Öncelikle Erdoğan'ın "Nazi" benzetmesi yüzünden Almanya ile aramızdaki iplerin kopacağını zannedenler fena halde yanılıyorlar.
Almanların Twitter'dan Erdoğan aleyhine attıkları tüvitler aslında yabancı düşmanlığı, İslamofobi ve Türkiye karşıtlığından kaynaklanıyor. Yani mesele Erdoğan'ın şahsıyla ilgili değil. Doğrusu Almanya'da Erdoğan'ın şahsı bahane edilerek yukarıda saydığım hususlardan kaynaklanan hastalıklar nüksetmiş durumda. (Haliyle bu hastalıkların gerçek tedavisi Erdoğan'ın gitmesiyle değil bu marazların izalesiyle olabilir)
Burada zurnanın zırt dediği yer: Türkiye'nin Almanya'nın gerek ticari gerekse askeri alanda en önemli partnerlerinden biri olduğu gerçeğinde saklıdır. Yani işin içinde arpa var arpa! Bira göbekli Almanlar arpa suyunu da çok severler ama bu yazıda işin o tarafı bizi ilgilendirmiyor.

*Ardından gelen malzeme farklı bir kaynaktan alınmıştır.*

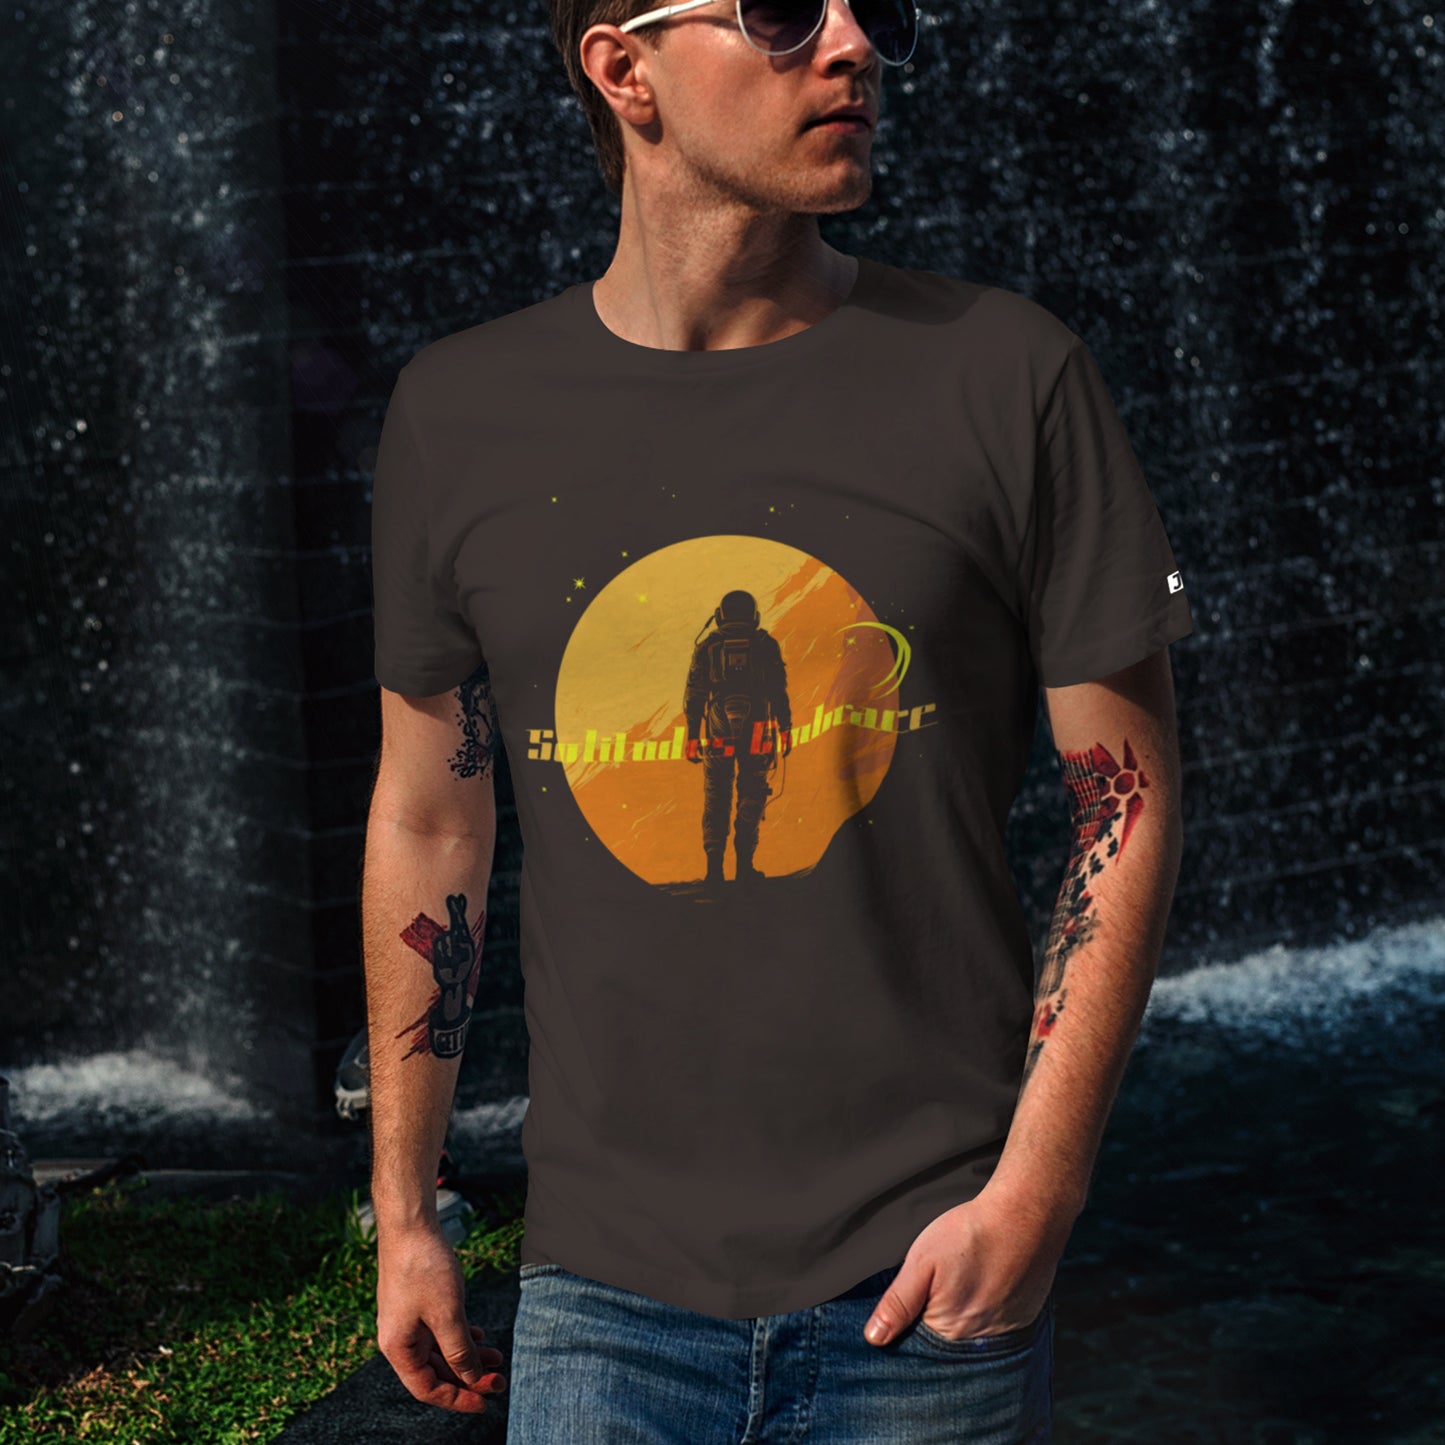 Solitudes Embrace Unisex t-shirt- in brown- worn by model outdoors

Aslında Merkel ve koalisyon ortakları Türkiye ile gerilimi kontrollü biçimde tırmandırarak 24 Eylül 2017'de yapılacak seçimlere yatırım yapıyorlar. Zira Alman halkında şimdiki hükümete yönelik hoşnutsuzluk hakim. Açıkçası Şansölye ve ekibi bu tür uyuzluklarla seçmen kitlesindeki olumsuz durumu lehine çevirmek istiyor. Yani Türkiye ile böylesine yapay bir gerilim biçare Alman politikacılara mal bulmuş mağribi misali ilaç gibi gelmiş durumda.
Almanya'nın (silah yönetmeliği gereği) en büyük silah pazarı Türkiye. Almanya bize sattığı silahlardan hatırı sayılır miktarda para kazanıyor yani.
Öte yandan gerçek anlamda sığınmacı akınlarını durdurabilecek tek ülkenin Türkiye olduğunu Almanlar çok iyi biliyor. Zira ülkemiz tampon ülke konumunda.
Diğer yandan halihazırda riske atamayacakları 6 binin üzerinde Alman firması ülkemizde devasa ticari yatırımlara imza atmış durumda.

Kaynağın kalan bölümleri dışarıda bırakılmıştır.